El creativo confía en que puede explicar cuánto trabajo se dedica a cada entrega, el cliente comprenderá la necesidad de cobrar más por su trabajo. Después de todo, un cliente no solo paga por ese proyecto en particular, sino que paga por toda la educación, la capacitación, la experiencia y el trabajo que lo llevaron hasta ese punto de su carrera. Explicar todo esto a los clientes resultará en un aumento natural de la tarifa porque estarán felices de pagar por su talento y arduo trabajo.

Al empresario en realidad no le importa mucho el proceso. Se preocupan por el resultado final y cómo beneficia a su propio negocio. Realizan un seguimiento y miden el valor comercial real que brindan a sus clientes. Entienden las métricas que les importan a sus clientes y trabajan arduamente para mejorarlas regularmente, por lo que cuando llega el momento de aumentar sus tarifas, es una obviedad para el cliente porque está feliz de pagar por resultados continuos.

Con suerte, los ejemplos anteriores pueden ayudarlo a ver por qué cambiar su mentalidad sobre su nuevo rol es una necesidad absoluta cuando se trata de generar más ingresos como trabajador independiente.


He estado construyendo mi propio negocio durante más de 10 años, ¿y sabes lo que todavía odio?

Ese momento incómodo cuando la gente empieza a hablar de su trabajo en fiestas o reuniones familiares.

Lo odio porque las conversaciones suelen ser algo así:

“Hola, Jane. ¿Cómo va el trabajo?"

“Oh, bastante bien, supongo. El mismo de siempre. ¿Tú que tal?"

Luego está esta pausa incómoda cuando se dan cuenta de que acaban de preguntarte sobre el "trabajo", lo que significa que en realidad preguntaron cómo va mi negocio y preguntarle a un emprendedor cómo va su negocio es como preguntarle a un "trabajador de día". cómo va su salario. Puede ser incómodo.

No importa cómo vaya tu negocio, sientes casi la obligación de responder con entusiasmo; que todo va muy bien, que las cosas no pueden ir mejor.

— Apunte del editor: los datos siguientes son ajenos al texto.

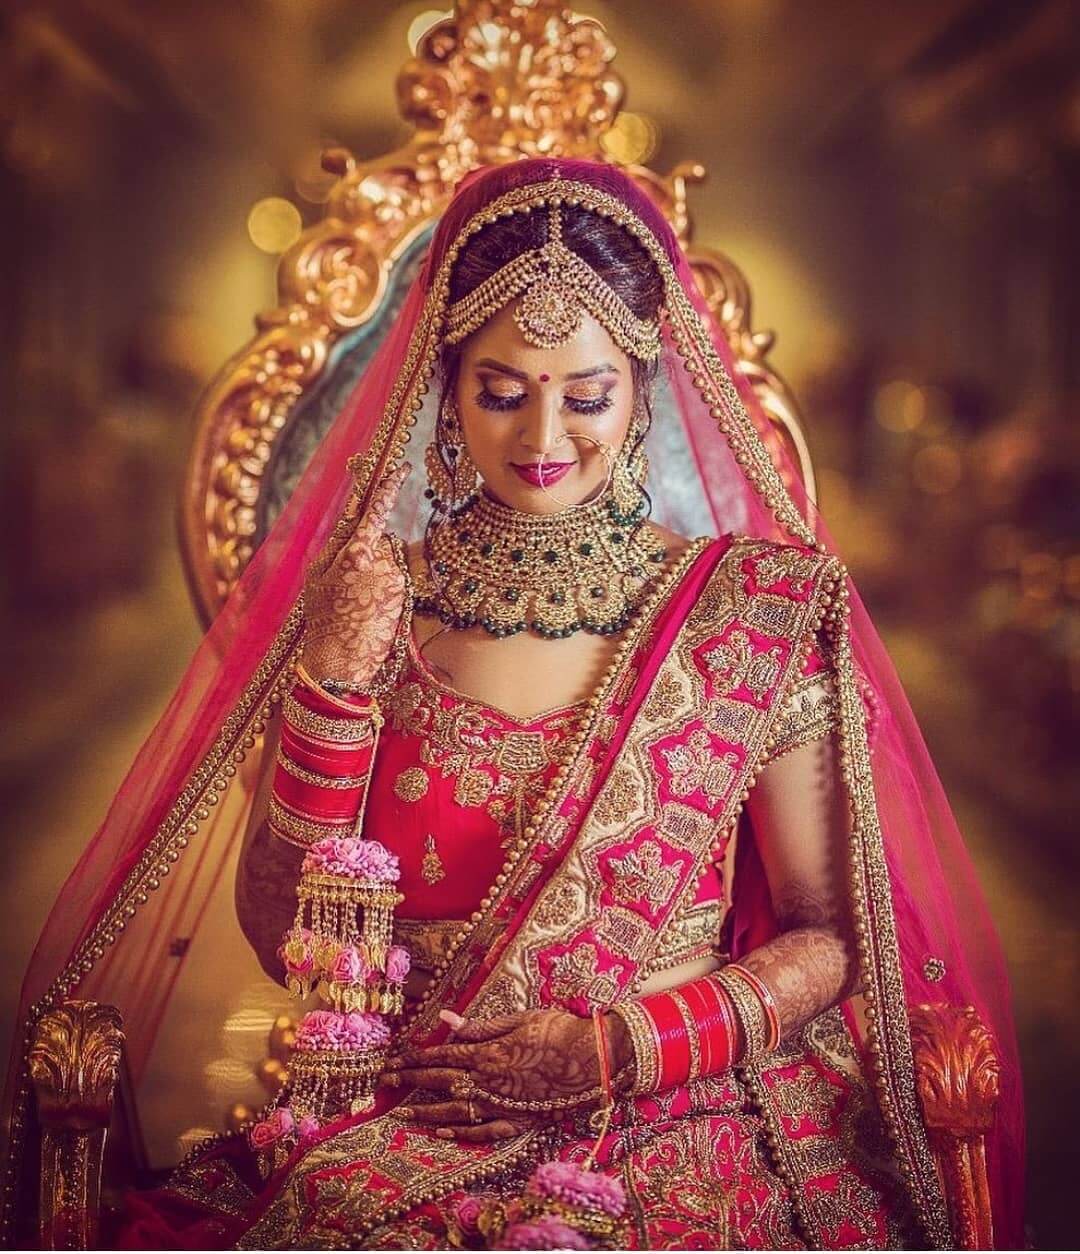 21 Dulhan Makeup For Wedding Ideas To Ace Your Bridal Look!

Pero si puede implementar lo que he compartido aquí hoy, no solo mejorará su negocio, solo podrá cobrar más y recibir el pago que realmente merece como trabajador independiente muy talentoso, pero también podrá evitar los momentos incómodos en las reuniones sociales y responda rápida y honestamente:

"¡Los negocios son buenos!"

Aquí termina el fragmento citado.